Special to the Reporter
On the recent National Bike to Work Day, hundreds of Microsoft employees participated in the annual local event, which featured a free catered breakfast, bike repair stations and a plethora of cycling giveaways, such as patch kits, drawings for gift cards, bike lights and more.
“It’s our way of thanking employees who bike to work as well as an open invitation to others to give it a try,” said Brian Crockford, senior services manager, Microsoft Real Estate. “Most start by commuting once or twice a week, and gradually increase from there.”
The event has become so popular in recent years, it is hosted at two locations at the same time: One at the West Campus on the Commons, and the other at East Campus on Sports Field #3, just north of Building 8.
According to internal surveys, about four percent of employees on Microsoft’s main campus bike to work on a regular basis. In the fall and winter, the number drops to hundreds of riders each day. However, during spring and summer, those numbers can soar into the thousands. Overall, approximately 1,800 Puget Sound-based Microsoft employees commute by bike every day — rain or shine.
Meet Shaun Ivory, a lead software developer. With the exception of six weeks when he was recovering from a broken collarbone, Ivory has only driven to work four times since Aug. 2, 2014. You might think Ivory is a semi-professional athlete, but you’d be wrong.
Ivory took his first 9.4-mile bike ride to Microsoft from his home in Cottage Lake three years ago. He chose to try it on a Saturday, just in case he couldn’t make the whole distance and needed his wife to pick him up. After climbing to the top of the 520 Highway hill, he thought he couldn’t make it. He called his wife and said, “I need you to come get me. I might not make it.” He had reason to be concerned; years of long hours and sedentary work had him tipping the scales at 265 pounds, and he didn’t think he had the capacity to make the ride.
Ivory survived that day — and the next — and continued to bike to work nearly every day since. He has dropped 85 pounds. Today, he weighs 180 pounds and attributes a great deal of his weight loss to the 10- to 14-mile daily ride to and from work.
“Cycling changed my life,” said Ivory. He tells people, “There’s no such thing as a bad day on a bicycle. I’d rather sit on a bike on a cold, rainy day than sit in a car in stop-and-go traffic.” For him, biking to work is a fairly efficient commute of 30 to 45 minutes. Yet, that same commute by car would take him 30 minutes — minus the workout.

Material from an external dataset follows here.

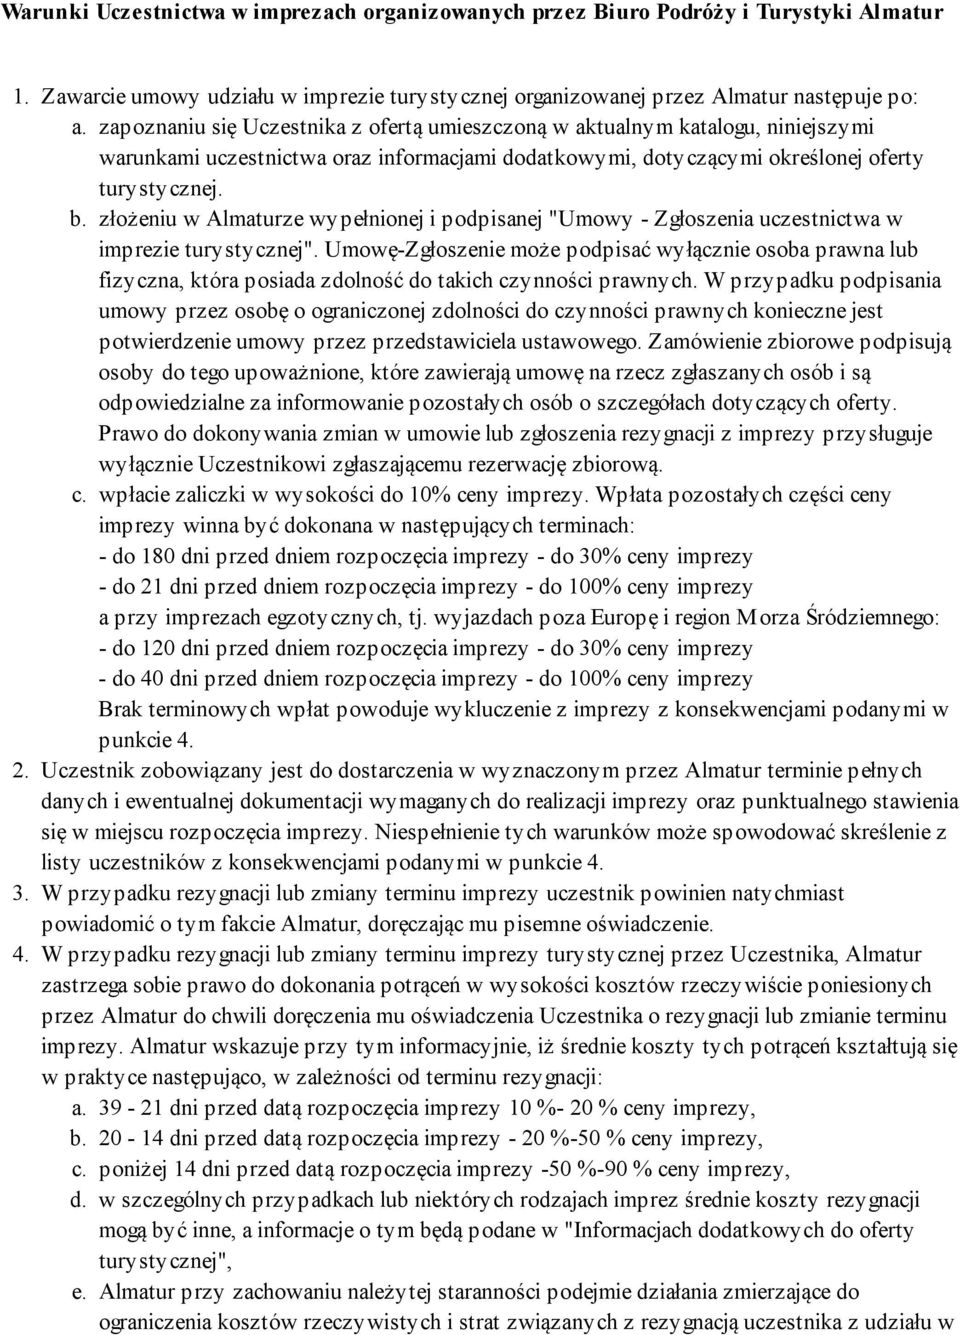 informacjami dodatkowymi, dotyczącymi określonej oferty turystycznej. złożeniu w Almaturze wypełnionej i podpisanej "Umowy - Zgłoszenia uczestnictwa w imprezie turystycznej".

While some Microsoft employees bike to work by choice, others do it more by necessity. Take Lisa Guthrie. She’s a principal software engineering lead and a mother of four kids who lives near campus. The Guthries have two cars. Her husband uses one car to drive to work, while their au pair uses their second car to drive the kids during the day. When Guthrie was promoted to an office-based role from a previous work-from-home position, she faced a choice: Buy a third car to drive to work, or start commuting by bike. Biking won.
Each morning, her commute starts by riding with her two oldest kids to school, on either a tandem bike or a cargo bike. After dropping the kids off at school, she tows their bikes behind her as she rides on to Microsoft.
“It’s just such a seamless part of our lives,” said Guthrie. “It’s how we get around now, and I love it. Even when we have an extra car to use, I still end up biking. Why not? It’s easy, it’s fun, and you get out in the sunshine. It makes me feel like a kid again — on my way to work. I don’t get that in a car.”
According to Guthrie, riding is also more efficient than driving for her. The road routes near her home, school, and job aren’t nearly as direct as the bike paths. “Biking is faster for me. I can zip over to school or home in no time.”
Supporting diehard biking enthusiasts and novices on Bike to Work Day isn’t the only way Microsoft is encouraging commuting on two wheels. The company puts a lot of resources behind its bike commuters and commuting programs in general. For employees who ride to work regularly, they have two free bike tune-ups every fiscal year, which is a $120 value. Plus, there’s the $900-a-year Stay Fit allowance each employee can spend on fitness-related expenses, including bike repairs, upgrades and purchases. There’s also the Bicycle Commuter Reimbursement program that compensates employees $20 a month ($240 a year) for choosing to commute entirely by bike instead of using public transit and Connectors. Add to that secure bike cages, hot showers, towels and lockers that await bike commuters after a sweaty ride, there aren’t too many excuses left not to try it at least once.
But what if you live in an area that isn’t exactly bicycle friendly or that’s too far a commute to ride a bike? To help commuters travel to campus, Microsoft operates a shuttle with a 12-bike trailer. Those with a combination bus-bicycle commute can use a free Orca card to pay their bus fare. Plus, all Sound Transit and King County Metro-operated buses and shuttles are installed with bike racks. When you combine that with Microsoft’s Connector, shuttles, carpool parking, van pool subsidies, personalized commute planning, and guaranteed ride home service, driving seems less appealing than ever.